“The common idea that we can teach thinking without a solid foundation of knowledge must be abandoned, notes Lauren Resnick, a professor of psychology at the University of Pittsburgh, in a new report from Education Sector, Measuring Skills for the 21st Century. “So must the idea that we can teach knowledge without engaging students in thinking. Knowledge and thinking must be intimately joined.” The report is by Ed Sector’s senior policy analyst, Elena Silva, who notes:
The belief that there should be a solid, specific, and shared core curriculum, an idea advanced most notably by the nonprofit Core Knowledge Foundation, founded and led by former professor and literary scholar, E.D. Hirsch Jr., is not at odds with this approach. The Core Knowledge curriculum supports the point that learning factual knowledge and the ability to apply, analyze, and solve problems go hand-in-hand. Teachers using the Core Knowledge approach do not stress rote memorization of facts; they use an array of strategies including workshops, research projects, dramatizations, and collaborative learning groups because they know that students will learn best if they are exposed to both subject knowledge and ways to apply this knowledge at the same time.
The full report is here. Silva is hosting a weeklong online discussion on it with Eva Baker, director of UCLA’s Center for Research on Evaluation, Standards, and Student Testing, and Paul Curtis, chief academic officer of New Technology Foundation, on Ed Sector’s website here.


The more people who reject the false dichotomy between knowledge and skill, the better. Silva demonstrates that people who advocate 21st-century skills are not necessarily beating a retreat from content knowledge.
The quote by Elena Silva in this post includes something that jarred me a bit. She says Core Knowledge teachers “use an array of strategies including workshops, research projects, dramatizations, and collaborative learning groups . . . ” This seems to be a statement in support of the immediately preceding statement that Core Knowledge teachers “do not stress rote memorization of facts”. That juxtaposition gives me pause. It sounds like there is an underlying assumption that the way to go beyond rote memorization of facts is by including “workshops, research projects, dramatizations, and collaborative learning groups”, and that if we’re not including those things we must not be going beyond rote memorization.
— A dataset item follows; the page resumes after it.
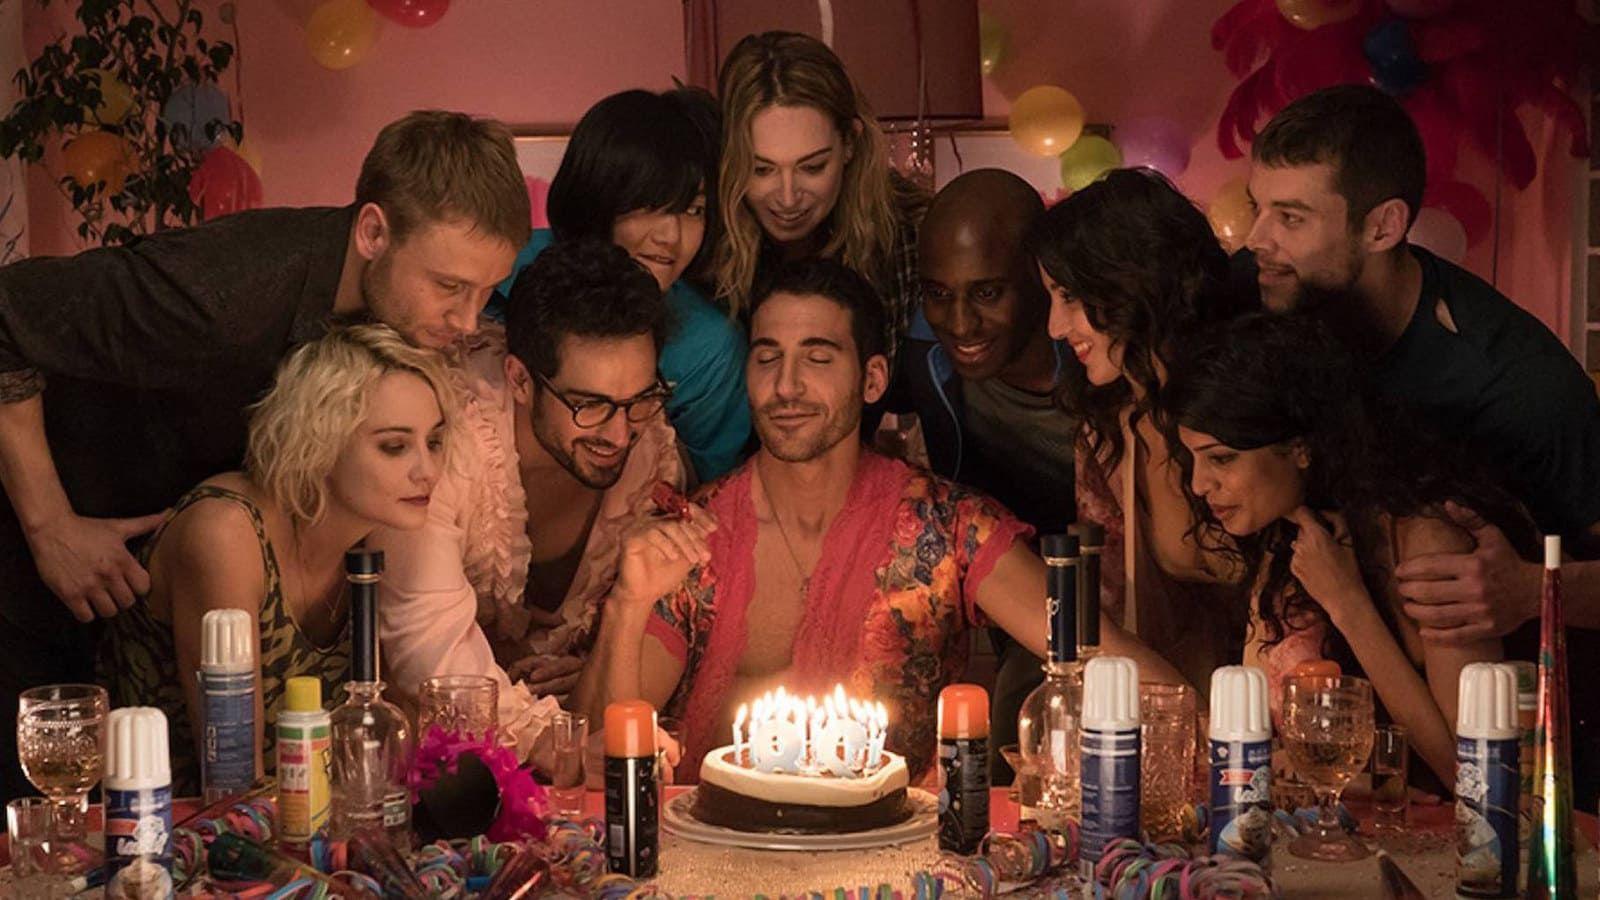 Pin on Netflix shows to binge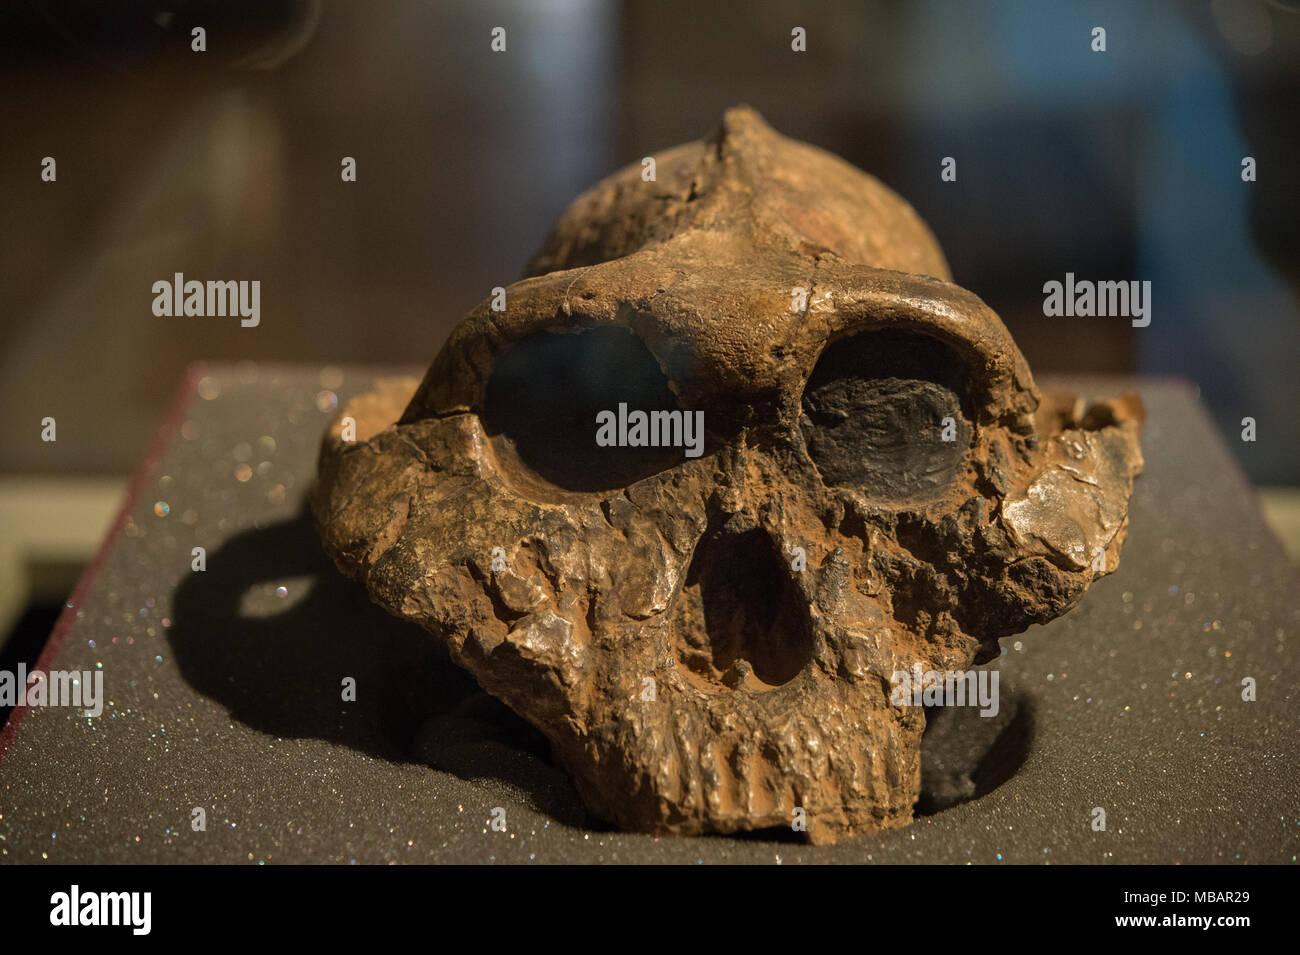 Skull of hominid, Paranthropus boisei, australopithecines. 2,6 - 1,2  million years old, East Africa. Pliocene and Pleistocene age. Nairobi Museum - Stock Image

My perspective on these things is quite different, and I always assumed my perspective would be very similar to the perspective of Core Knowledge teachers. My perspective would be that there is very little to be gained, and much to be lost in terms of time and opportunity, by using “workshops, research projects, dramatizations, and collaborative learning groups”. Can’t we say it this way? “Core Knowledge teachers do not stress rote memorization of facts. They go beyond that, as good teacher have always done. They carefully explain ideas and connections, they know when practice is needed and how much, they use carefully crafted homework assignments and tests, and they give extensive feedback by grading those assignments and tests.” That would make a lot more sense to me.
I agree.
What you are describing may work for some in the short run, but does little to solidify learning for all. How do you see “workshops, research projects, dramatizations, and collaborative learning groups” as a waste of time or opportunity? An ounce of doing is worth a pound of explaining, or, perhaps more aptly stated, one class of doing is worth a day of explaining. True, the above mentioned do take more initiative and preparation on the part of the teacher, but they make learning richer all around.
The problem, I think, is not with “workshops, research projects, dramatizations, and collaborative learning groups” but rather when it becomes more important to do those things than to ask why we’re doing them. Poorly executed, they become code for good teaching. For example, I had an AP who would wander in my room from time to time. If she saw kids working in groups and using math manipulatives, she was happy. That was the alpha and omega of her interest and input. I could have been teaching them that 2 plus 2 equals 17, but she wouldn’t have care — unless I was trying to do so without manipulatives. Why did this matter so much? “Because Ms. B (the district instructional superintendent) wants to see manipulatives in every math lesson,” she explained. That was it. Really. Why did Ms. B want to see that? God only knows. Maybe it was tantamount in her mind to differentiated instruction. Maybe she never said that at all, but that’s how a comment was interpreted by the AP.
When how you teach something becomes more important than what you teach (or even if you teach) we have clearly lost our way. How you teach something ought to be a function of what it is you’re trying to teach.